Калиб, Моз и Коуб тотчас обомлевши, застыли. Гайт чьи мышцы сделались свинцовым, судорожно потянулся к ножнам. И только Безродный замер без лишних эмоций. Он положительно помнил, что они так же располагают и потрясающим слухом, и им будет впору отступить, если посеют отскоки частот от ближайших объектов. Вся надежда была на его отряд, который не сдрейфит. Увы, зряшная надежда.
– Что это Клайд? – стуча зубами, в охватившей лихорадке затрясся белее полотна виконт.
Следопыт безмолвствовал, и уповал на сознательность сановника. Опять-таки тщетно.
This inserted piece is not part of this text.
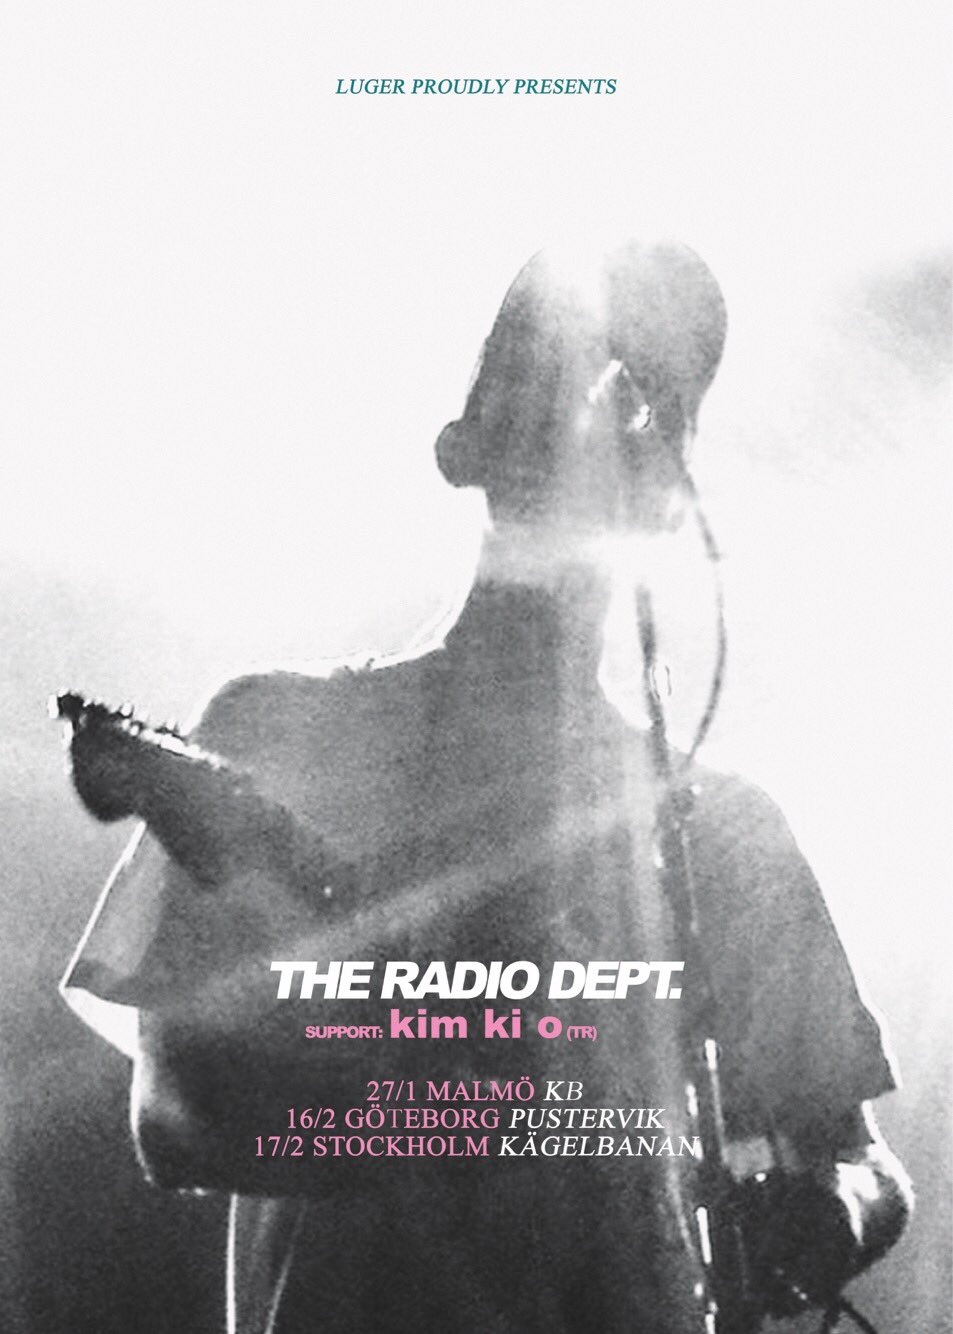 The Radio Dept. on Twitter: "Very proud to announce that Kim Ki O will be  joining us for our Swedish shows in January and February! They have just  released their great new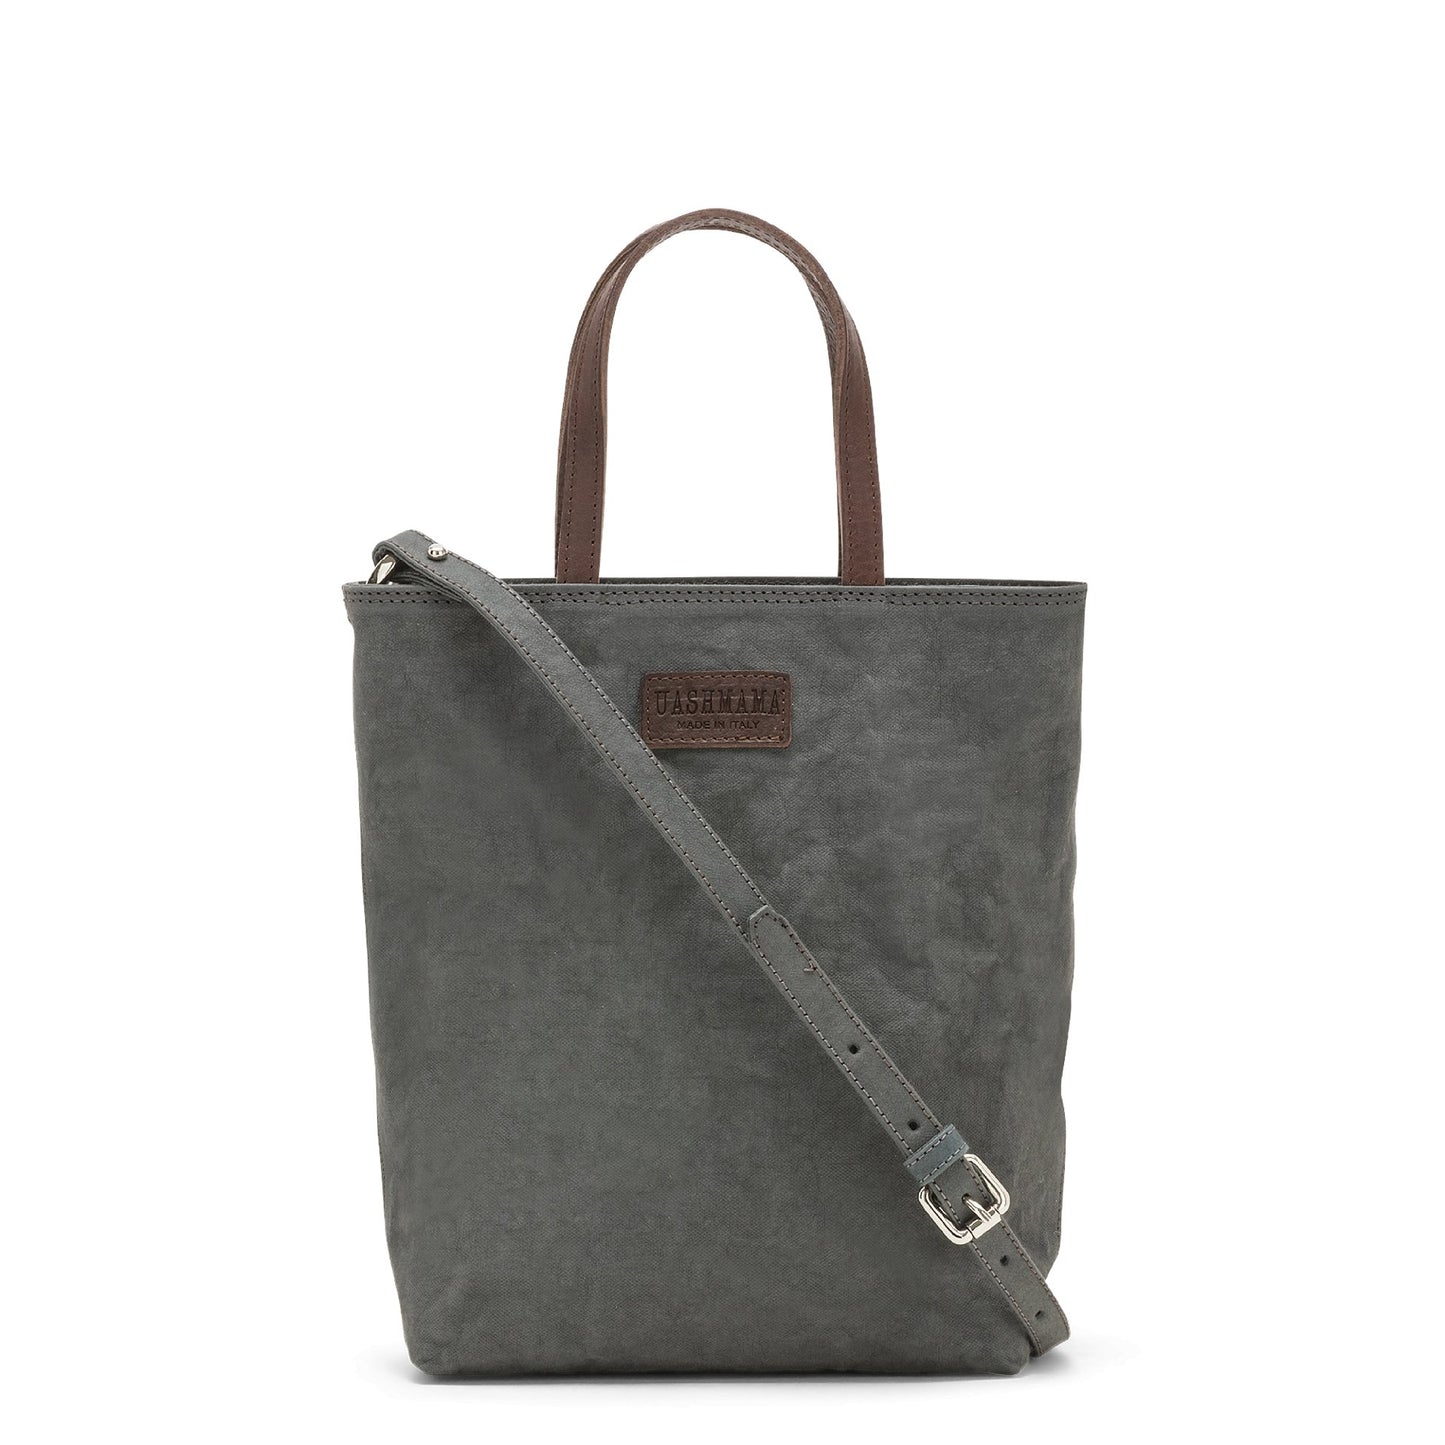 A washable paper rectangular tote with long top handles and a long shoulder strap is shown from the front angle. It is dark grey in colour.

– Кто это?! – не улавливал сути, прыскал тенором человек привыкший получать ответы немедля, коего кряду обуяла сверлившая его нутро паника, в стукотне молотков по вискам.
Внезапно, почти пожелтевшая Риба, реявшая бадьяном, которая сидела под очередным пнем вблизи виконта, обхватив разбухший живот, щурив зеленые веки и болезненно выпуская клыки умеренно дыша и пуская по шеи следы струй пота, цежено и лаконично шепнула ему.
– Заткнись…
Её хриплый голос был пред рвотным, а уши, и вовсе будто стали прижиматься и тлеть, но, тем не менее, она знала, о чем лопочет. Обидно, было ей чуть позже, что эффекта это, по сути, не дало.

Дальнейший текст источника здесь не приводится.